One of the "acceptance test" for differentiability of $f(x,y)$ at $(x_0,y_0)$ is to verify that its partial derivatives exists and are continuous in a neighbourhood. I wonder what are some of the ways to quickly negate differentiability of a function where all directional derivatives exist.
The following is obvious:
Given a function $z=f(x,y)$, we want to test its differentiability at $(x_0,y_0)$. Find the "candidate tangential plane" with normal vector $\vec{n}=(f_x(x_0,y_0),f_y(x_0,y_0),-1)$. Choose a path $(x,y(x))$ and evaluate tangent vector of the curve $(x,y(x),f(x,y(x)))$ at $(x_0, y_0)$ and check if it is normal to the normal vector $\vec{n}$.

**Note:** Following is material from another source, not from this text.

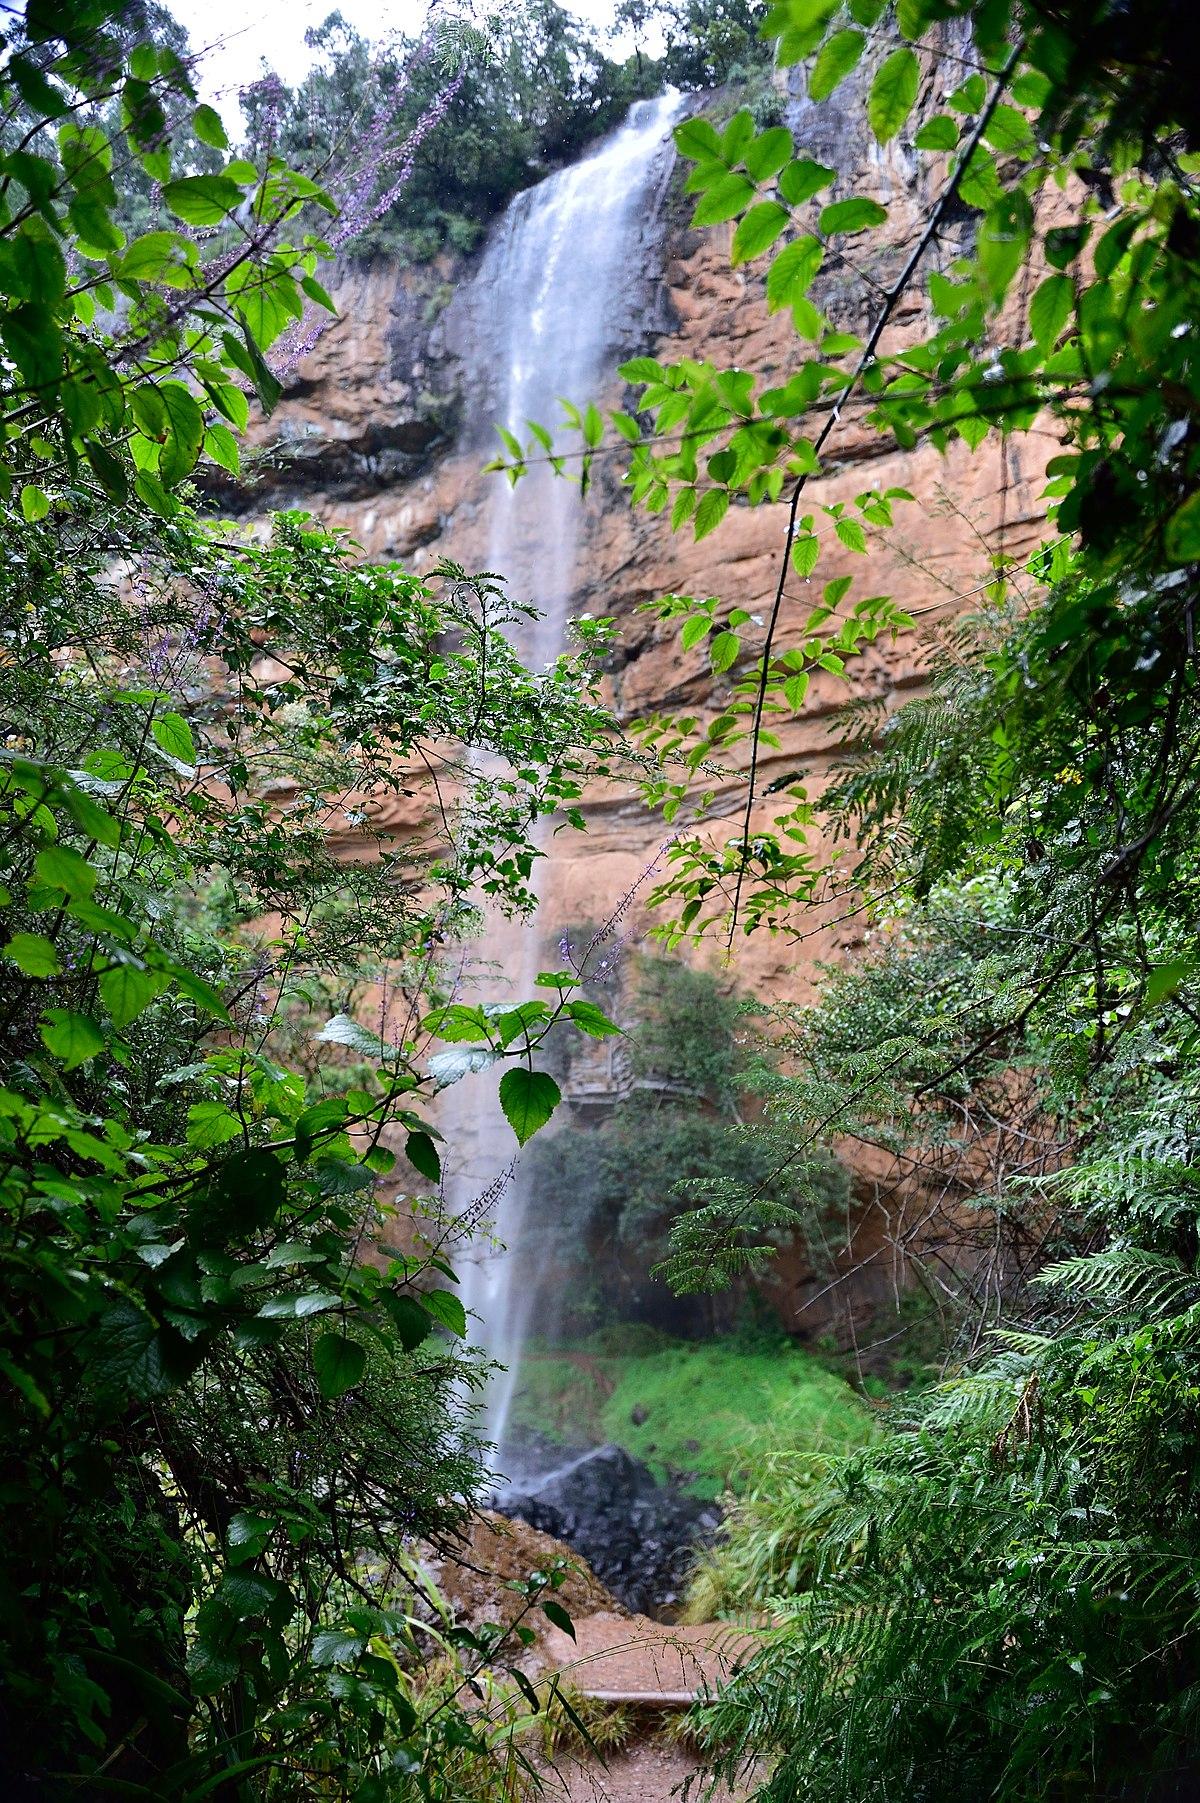 Bridal Veil Falls Oregon - Waterfall in Oregon - Thousand

Are there any simpler procedures?
Let $a=\frac{\partial f}{\partial x}(x_0,y_0)$ and $b=\frac{\partial f}{\partial y}(x_0,y_0)$. Consider the quotient$$\psi(x,y)=\frac{f(x,y)-f(x_0,y_0)-a(x-x_0)-b(y-y_0)}{\bigl\lVert(x-x_0,y-y_0)\bigr\rVert}.$$If there are two continuous paths $\gamma_1$ and $\gamma_2$ such that $\gamma_1(0)=\gamma_2(0)=(x_0,y_0)$ the limits$$\lim_{t\to0}\psi\bigl(\gamma_1(t)\bigr)\text{ and }\lim_{t\to0}\psi\bigl(\gamma_1(t)\bigr)$$are distinct (or if at least one of them doesn't exist), then $f$ is not differentiable at $(x_0,y_0)$.
Note this only implies that $f$ is not differentiable at that point; it is not equivalent to the assertion that $f$ is not differentiable there.